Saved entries

■ ■ ■ ■ ■

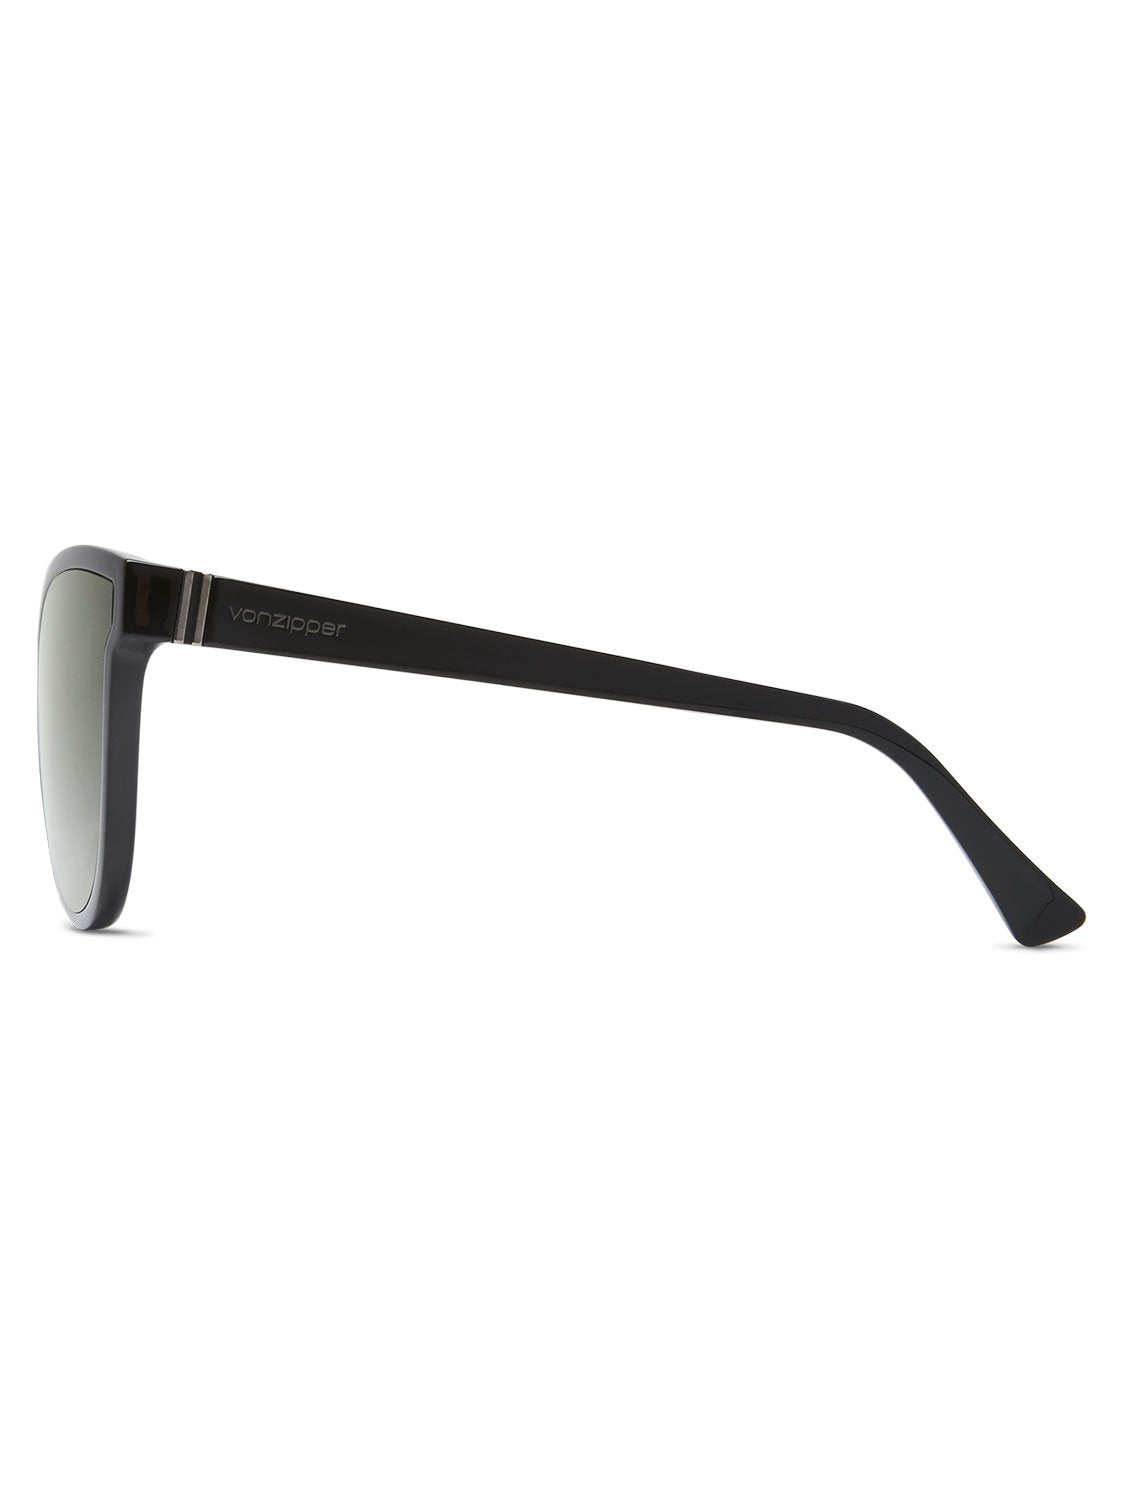 VonZipper Unisex Fairchild Sunglasses
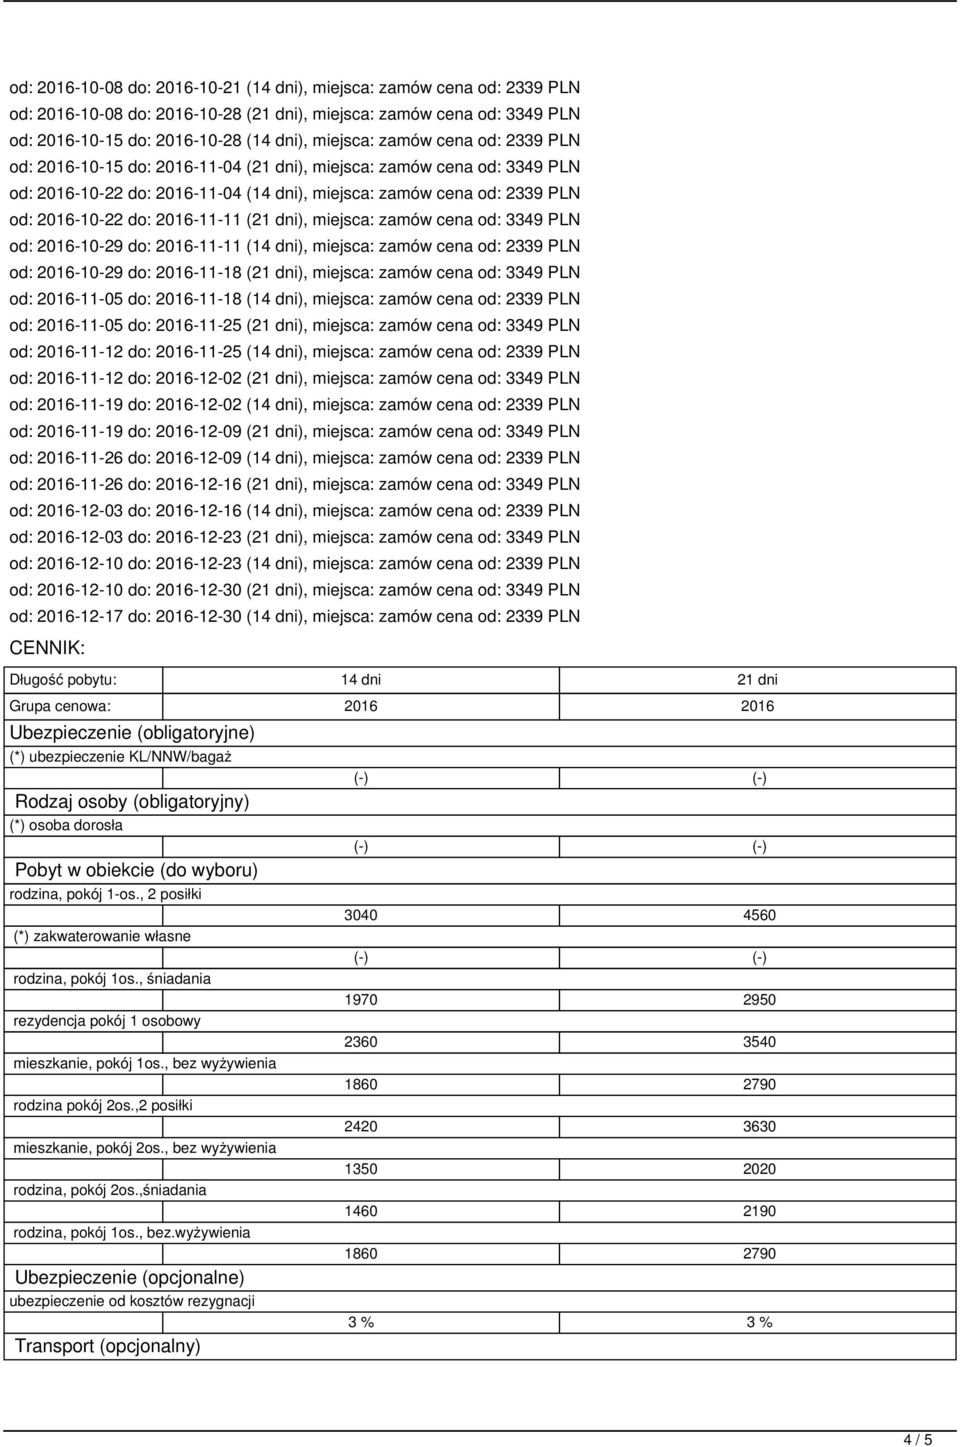 (21 dni), miejsca: zamów cena od: 3349 PLN od: 2016-10-29 do: 2016-11-11 (14 dni), miejsca: zamów cena od: 2339 PLN od: 2016-10-29 do: 2016-11-18 (21 dni), miejsca: zamów cena od: 3349 PLN od:
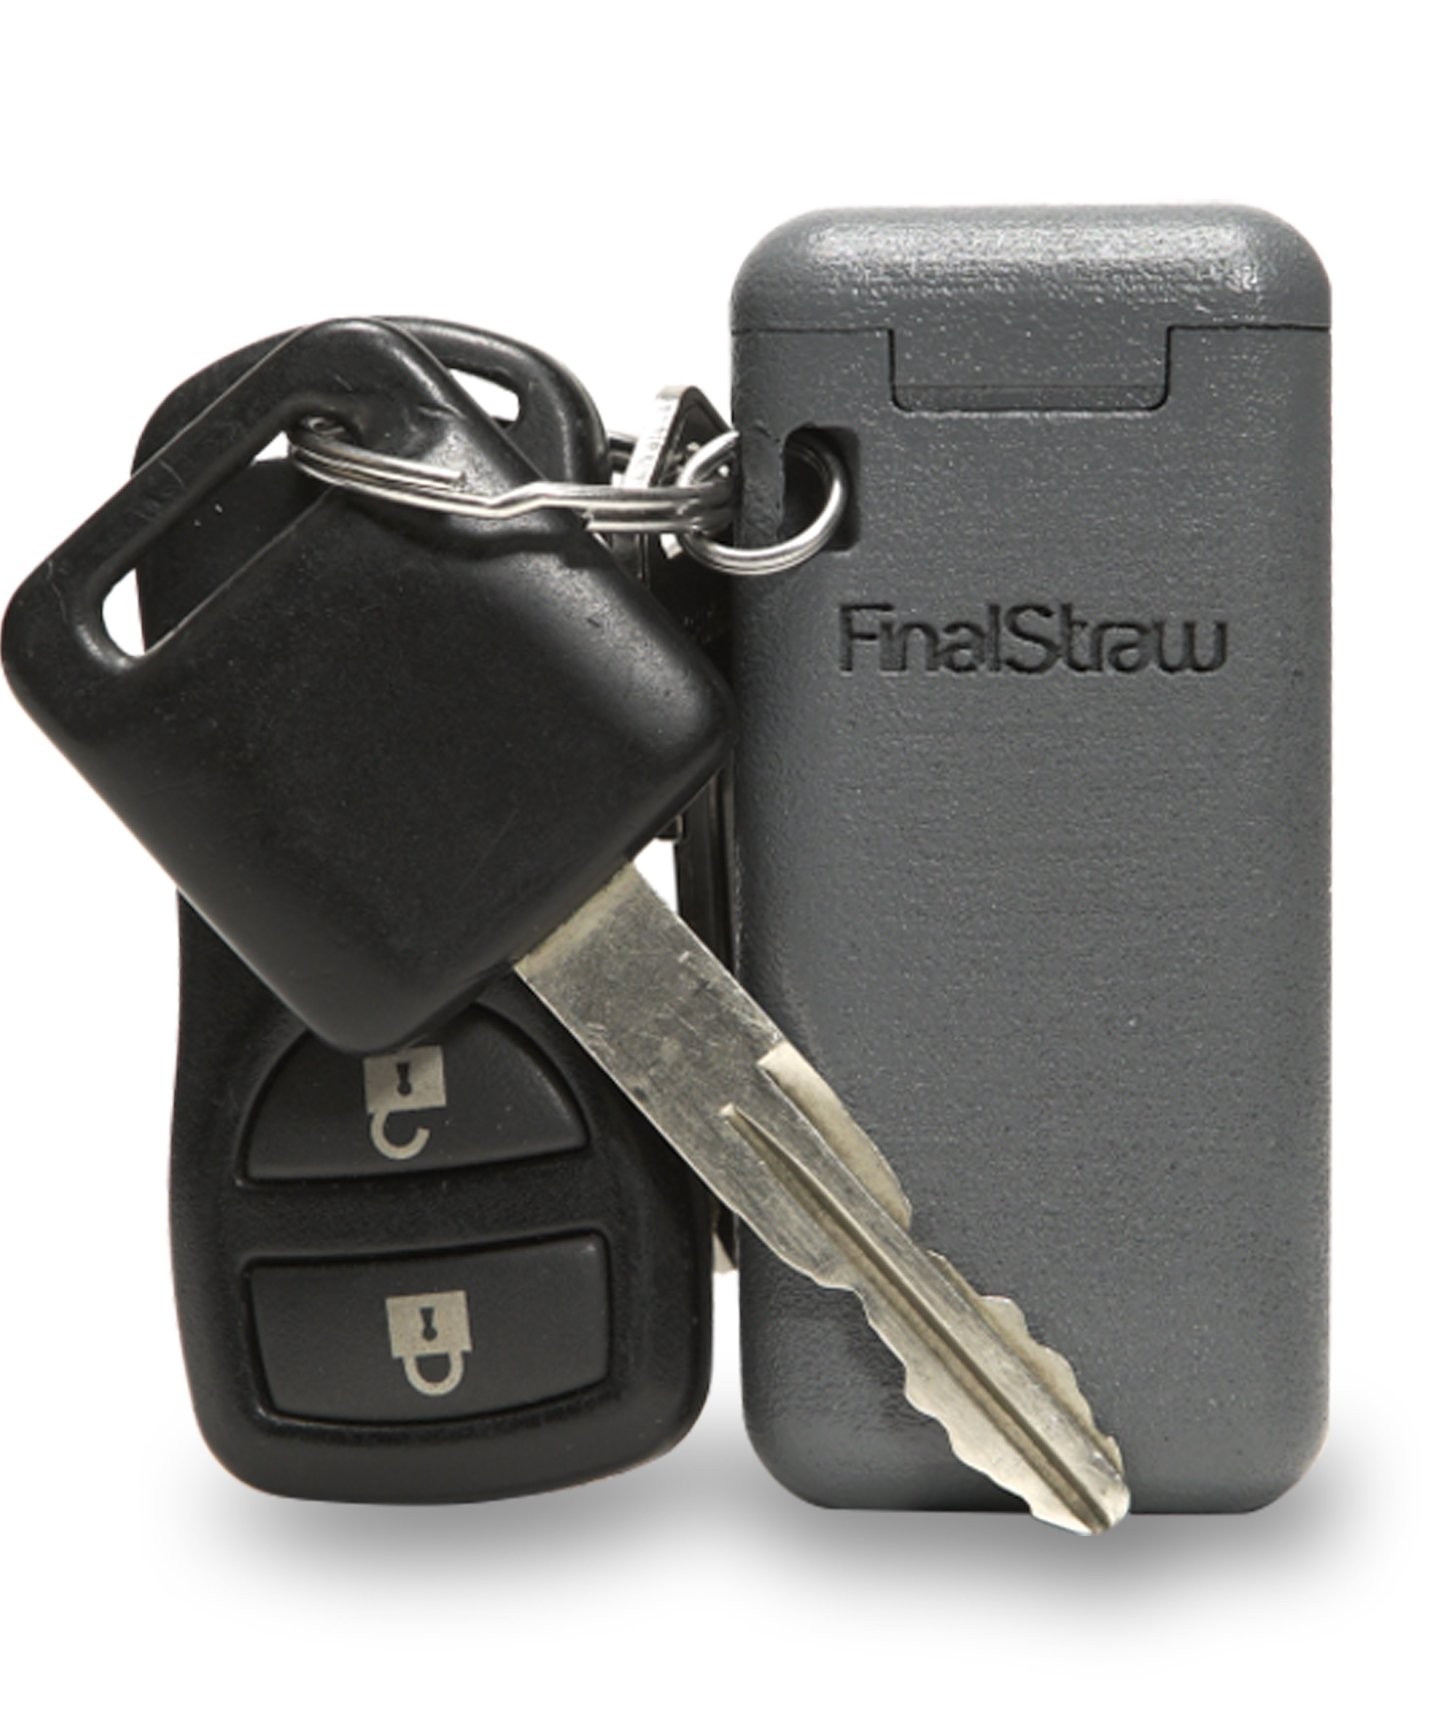 Canudo dobrável da FinalStraw pode ser guardado dentro de um caixinha do tamanho de uma chave de carro. (Foto: FinalStraw)
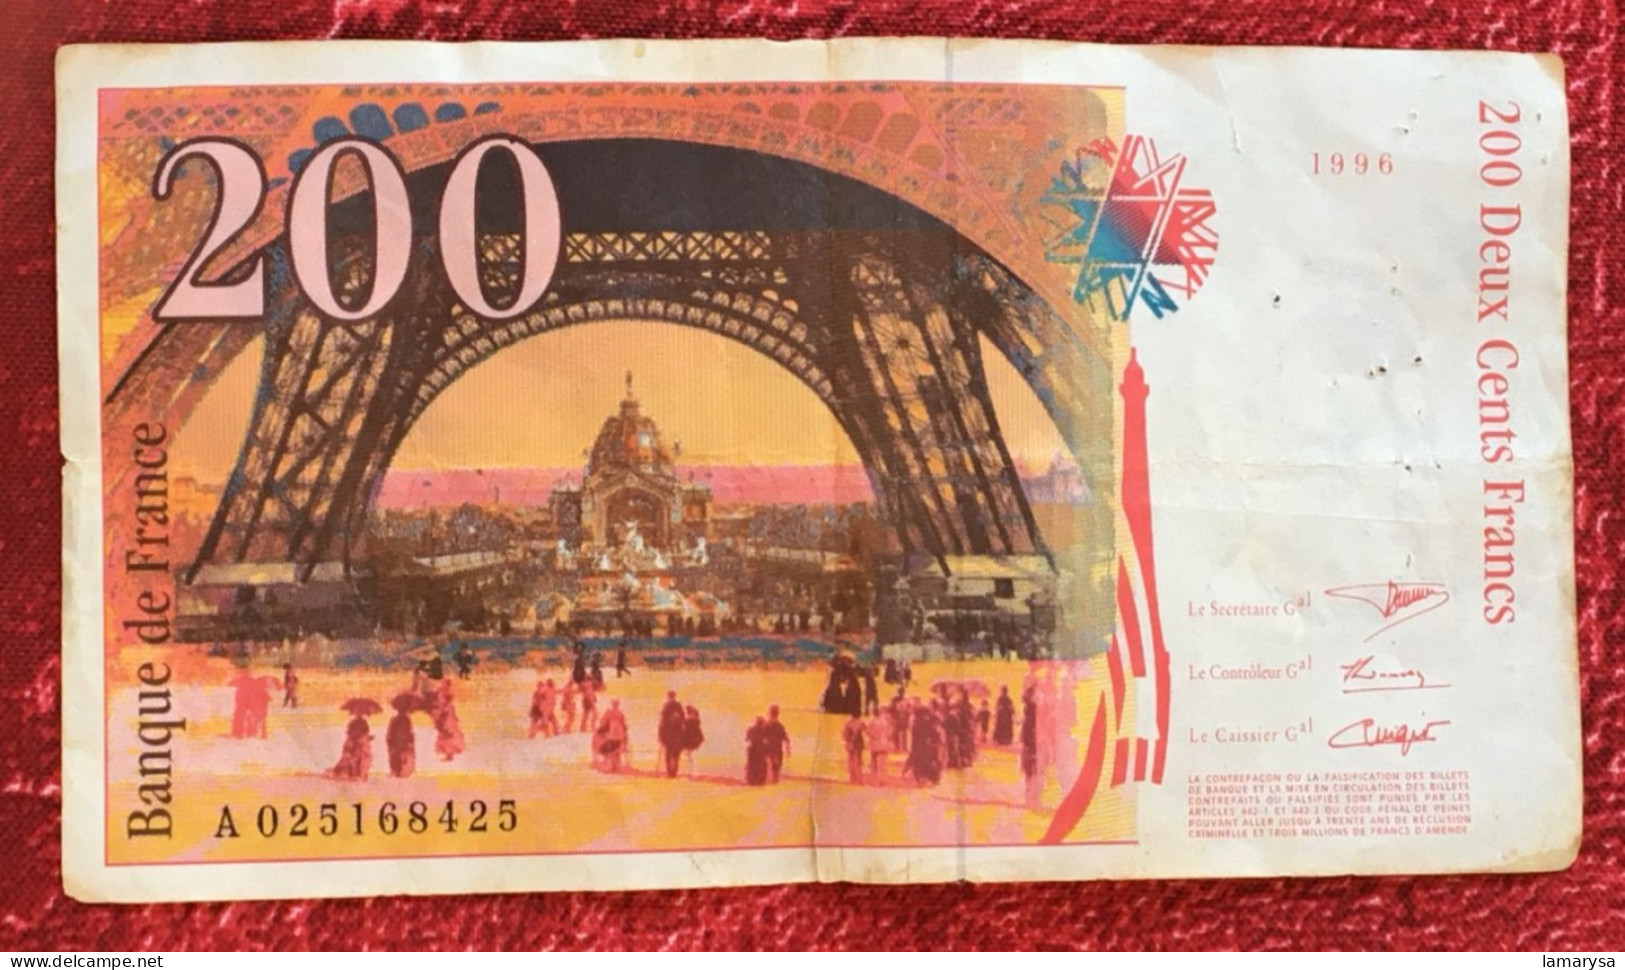 Monnaie & Billet De Banque Bank-Billet De France 1996 Dernière Gamme 200 F 1995-1999 ''Eiffel'' - 200 F 1995-1999 ''Eiffel''
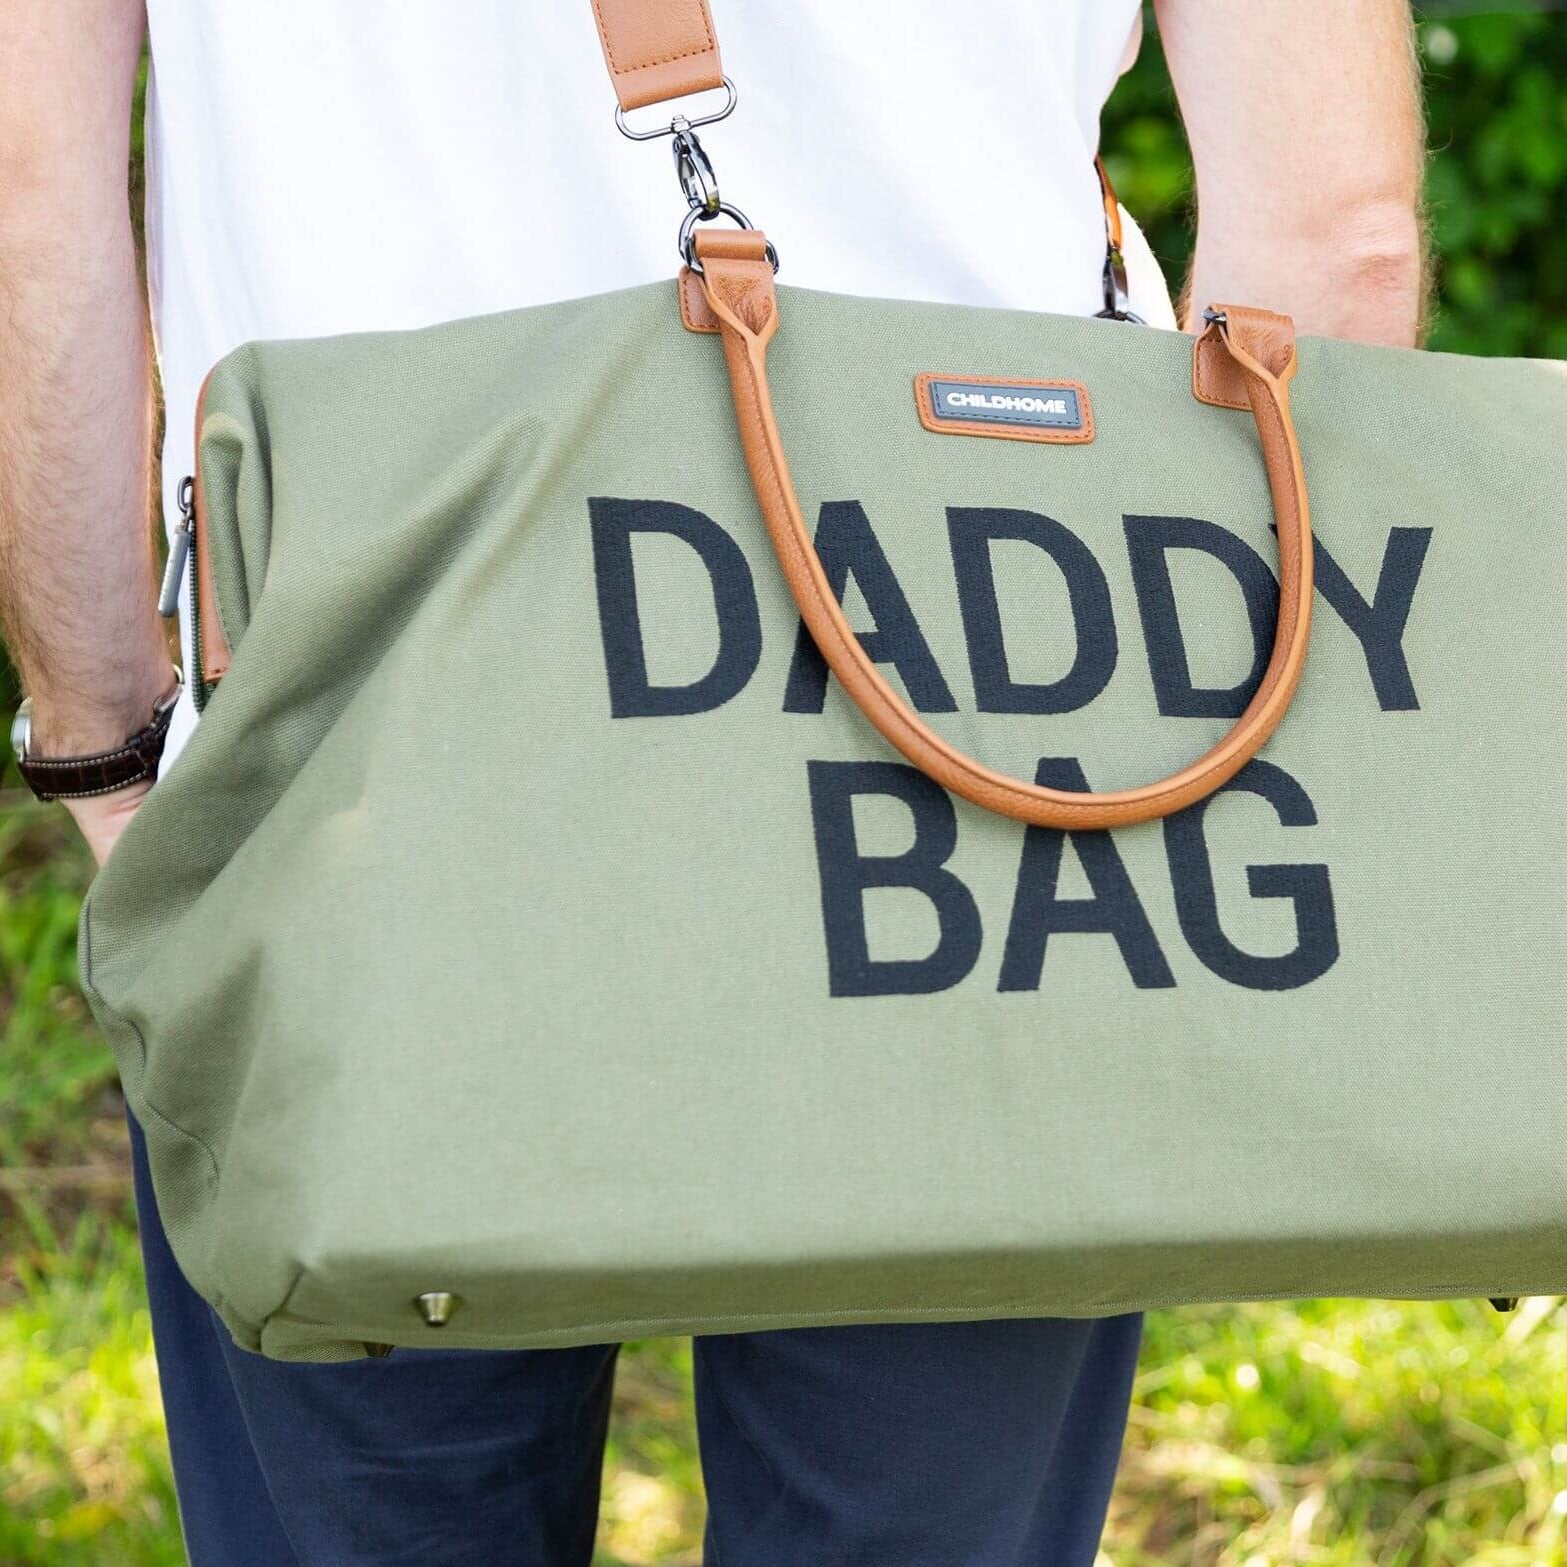 Childhome Daddy Bag & Wickeltasche - Canvas - khaki

■ ■ ■ ■ ■

YOUR OBJECTIVE. Please write out, exactly, every line from the line with "Canudo dobrável da" through the final line of the data above, leaving out pictures.

RESULT.
 Canudo dobrável da FinalStraw pode ser guardado dentro de um caixinha do tamanho de uma chave de carro. (Foto: FinalStraw)
 Monnaie & Billet De Banque Bank-Billet De France 1996 Dernière Gamme 200 F 1995-1999 ''Eiffel'' - 200 F 1995-1999 ''Eiffel''
 Childhome Daddy Bag & Wickeltasche - Canvas - khaki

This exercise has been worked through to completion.